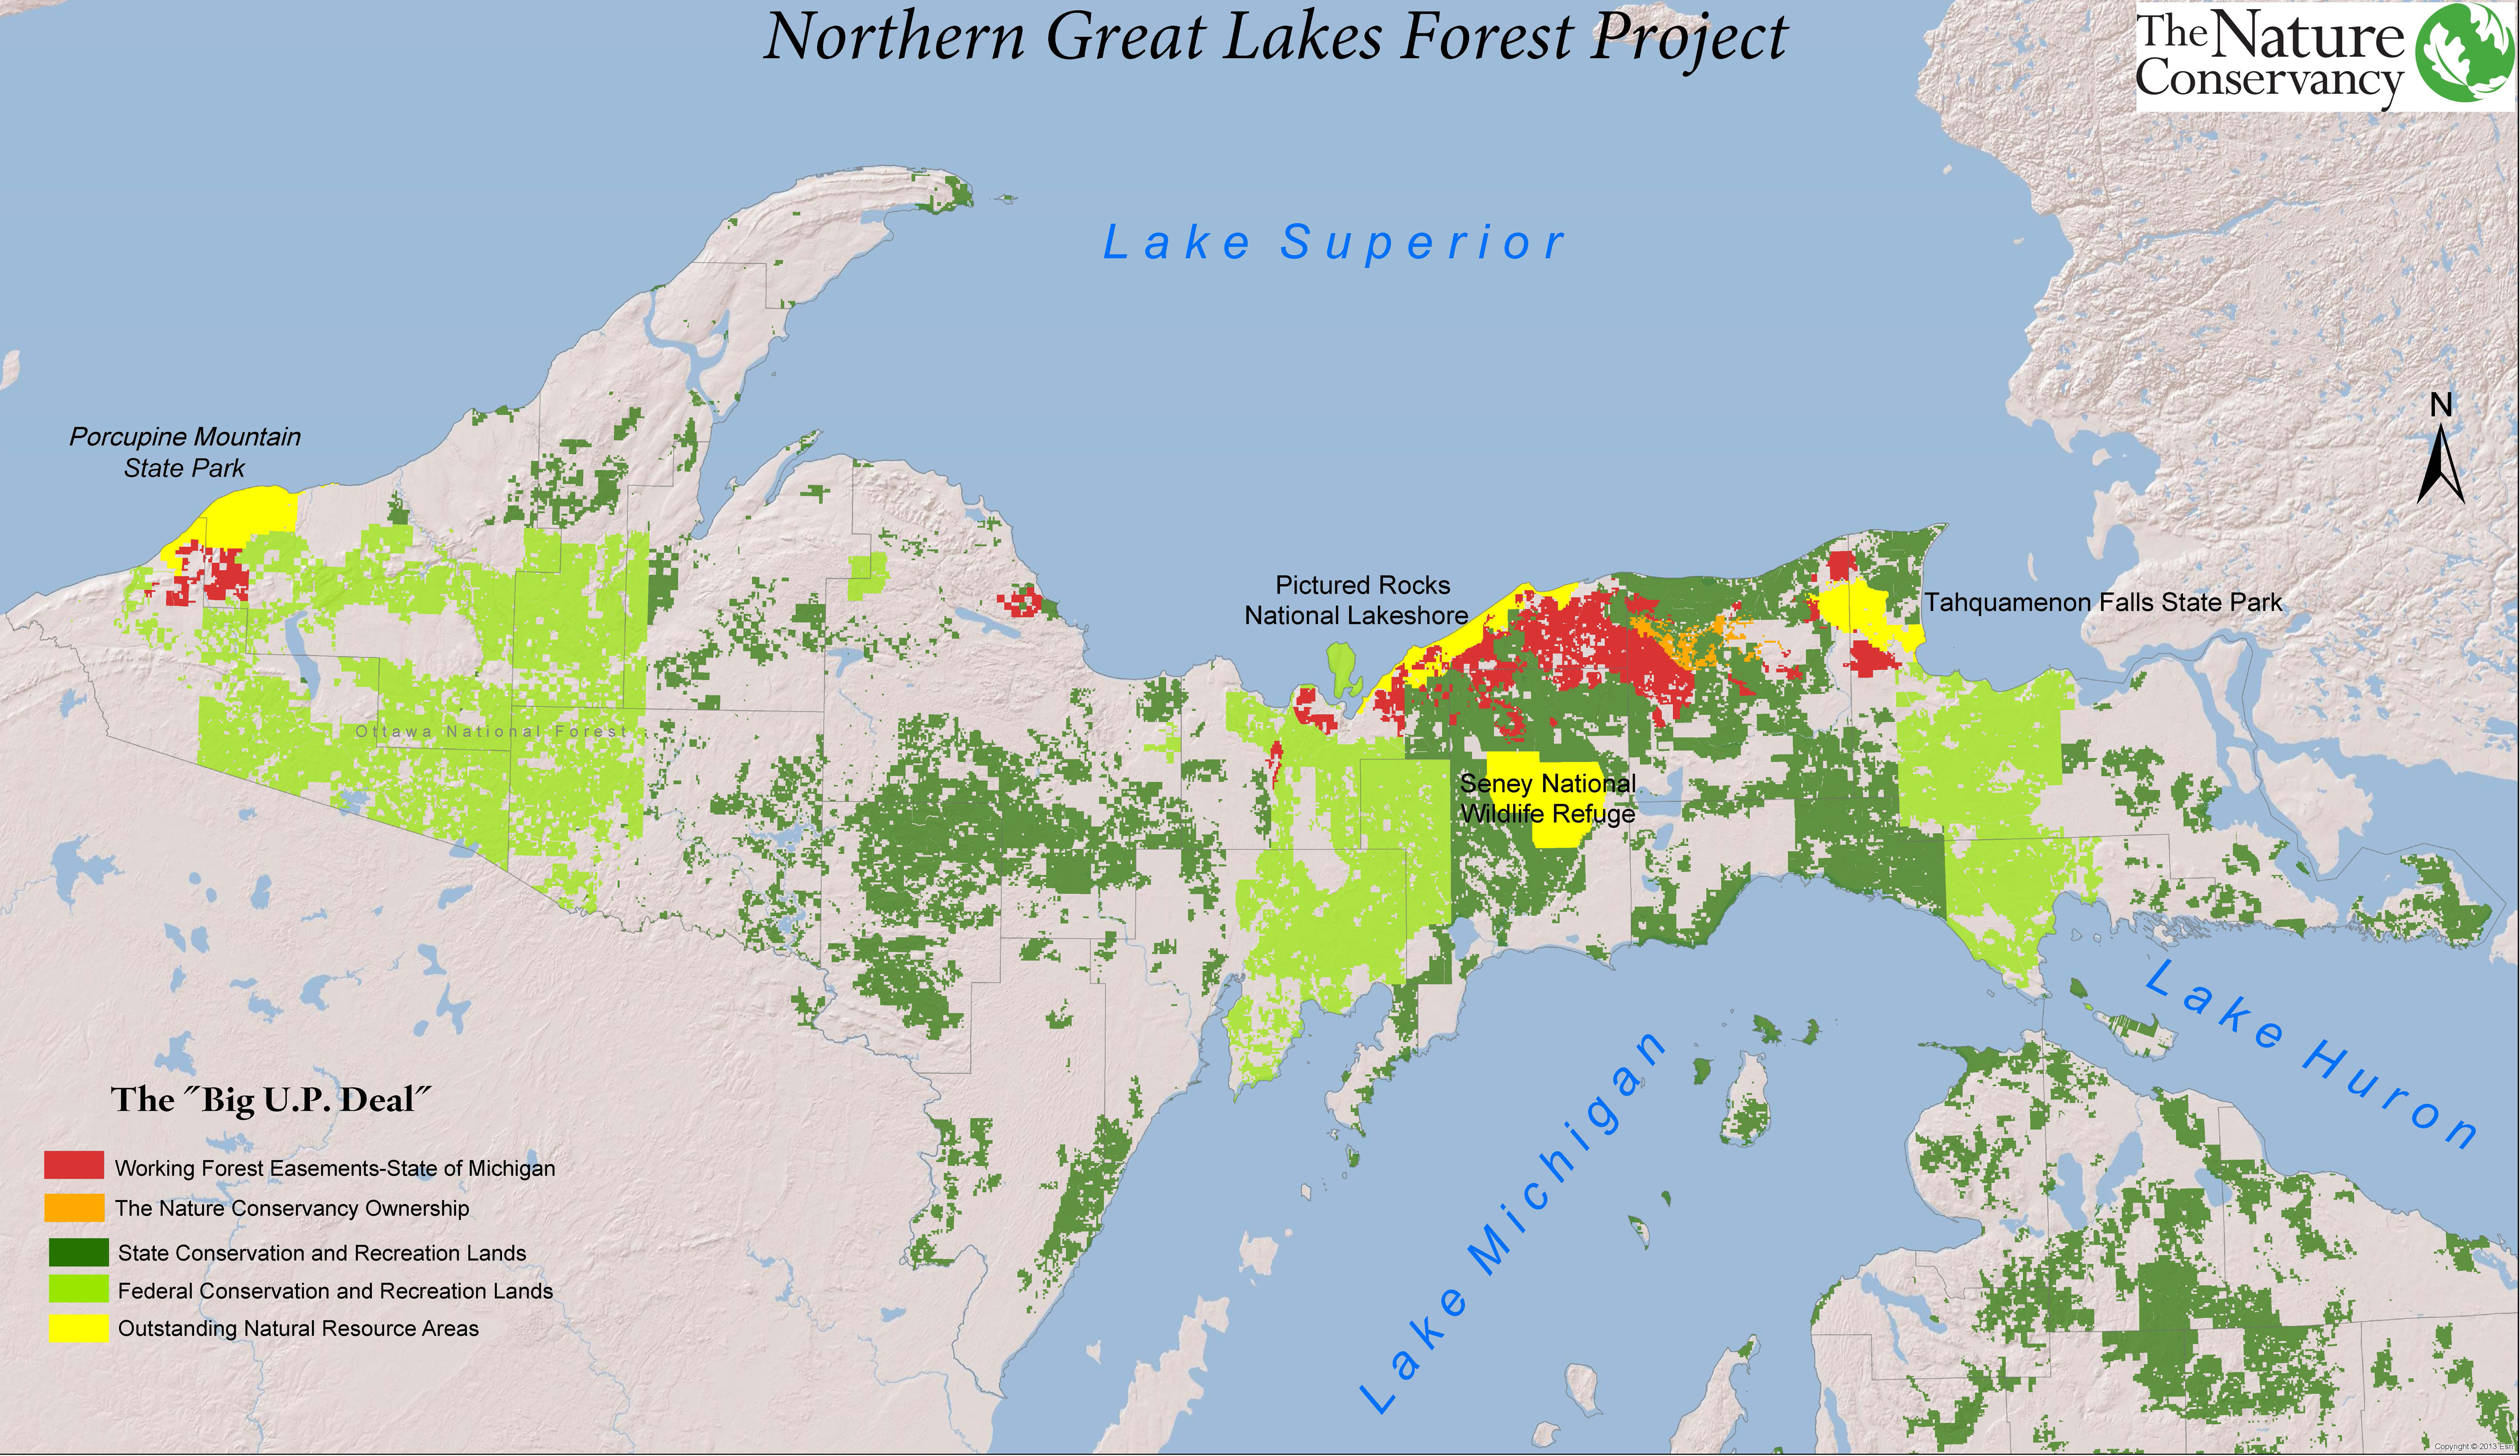 A map outlining the areas impacted by the Northern Great Lakes Forest Project.
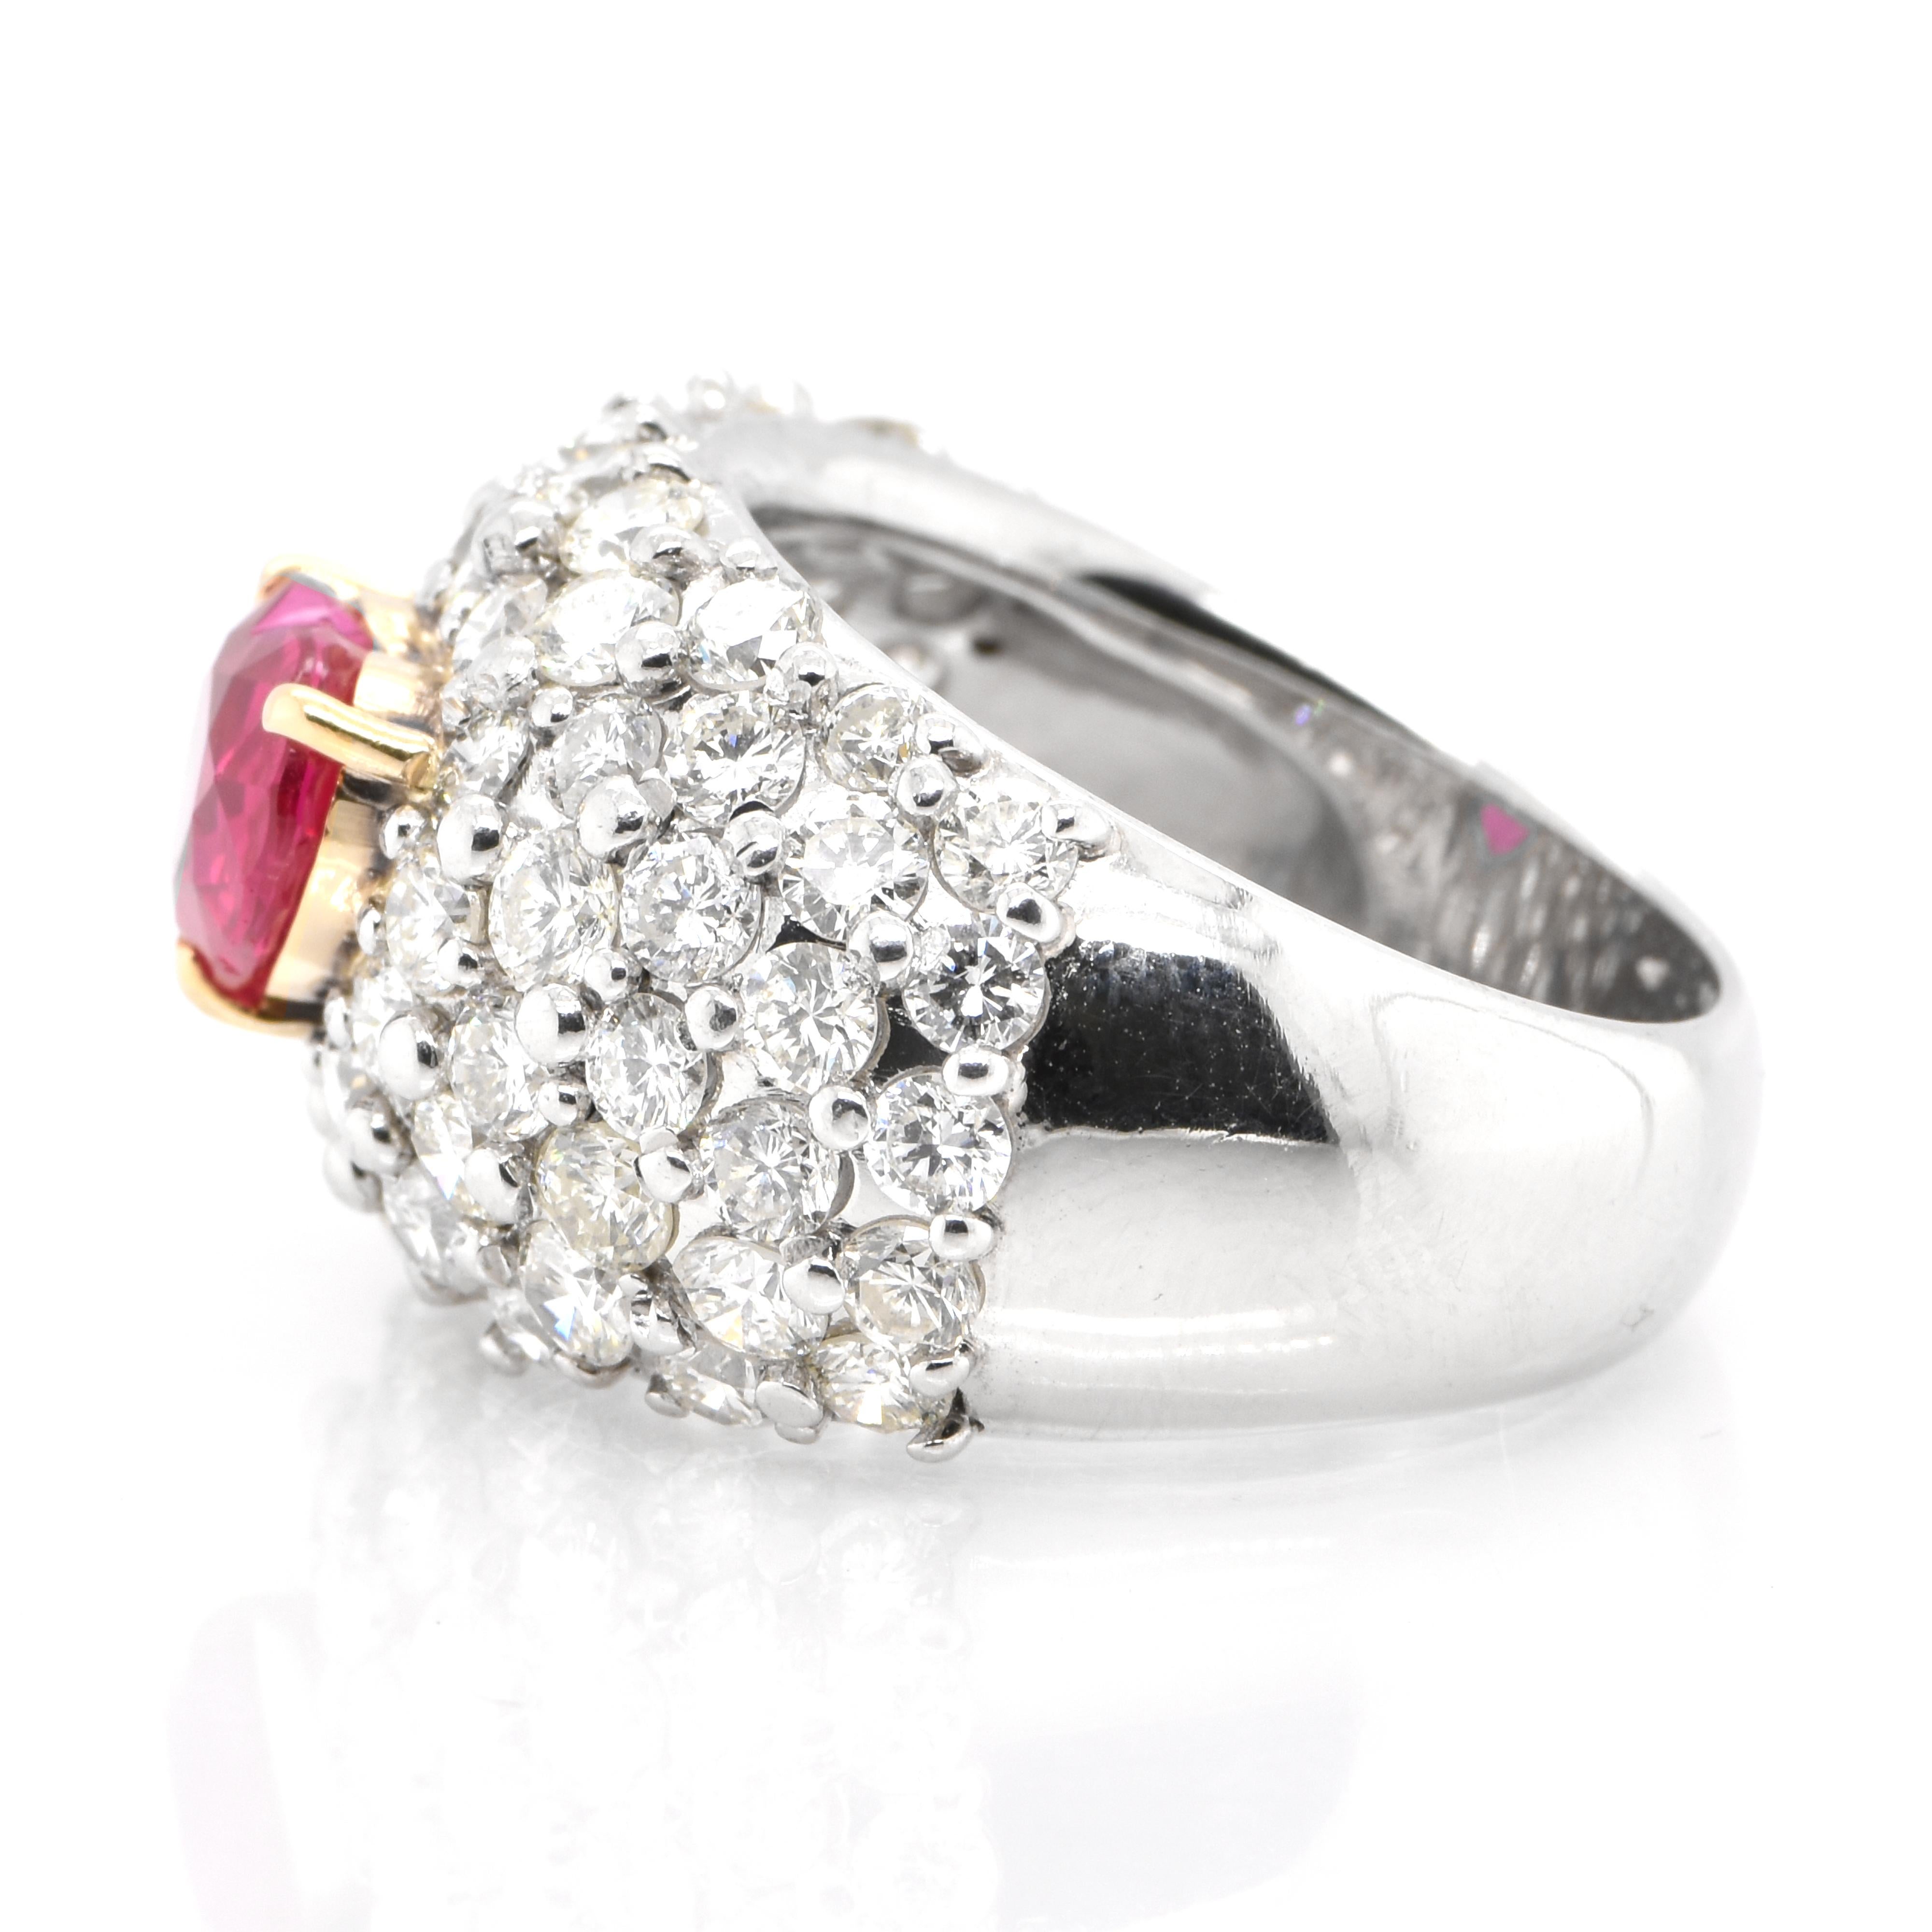 Heart Cut GIA Certified 2.10 Carat Natural Burmese Ruby Ring Set in Platinum and 18k Gold For Sale
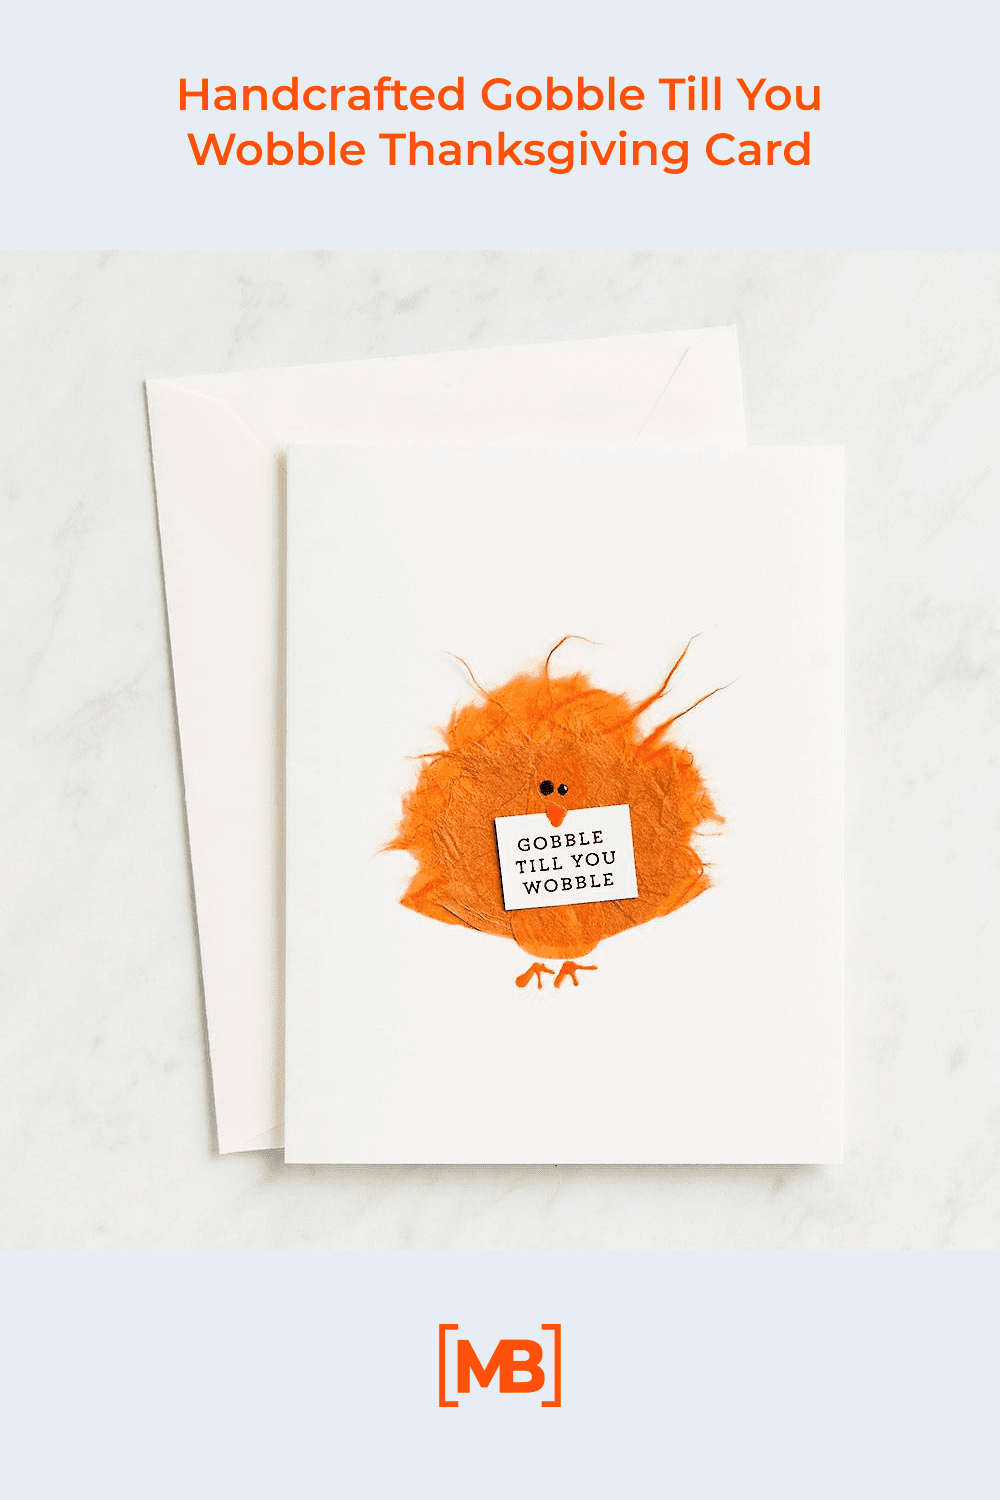 Handcrafted gobble till you wobble Thanksgiving card.
- - -
For each line above, output its wording exactly and leave out any picture.

 A map outlining the areas impacted by the Northern Great Lakes Forest Project.
 Heart Cut GIA Certified 2.10 Carat Natural Burmese Ruby Ring Set in Platinum and 18k Gold For Sale
 Handcrafted gobble till you wobble Thanksgiving card.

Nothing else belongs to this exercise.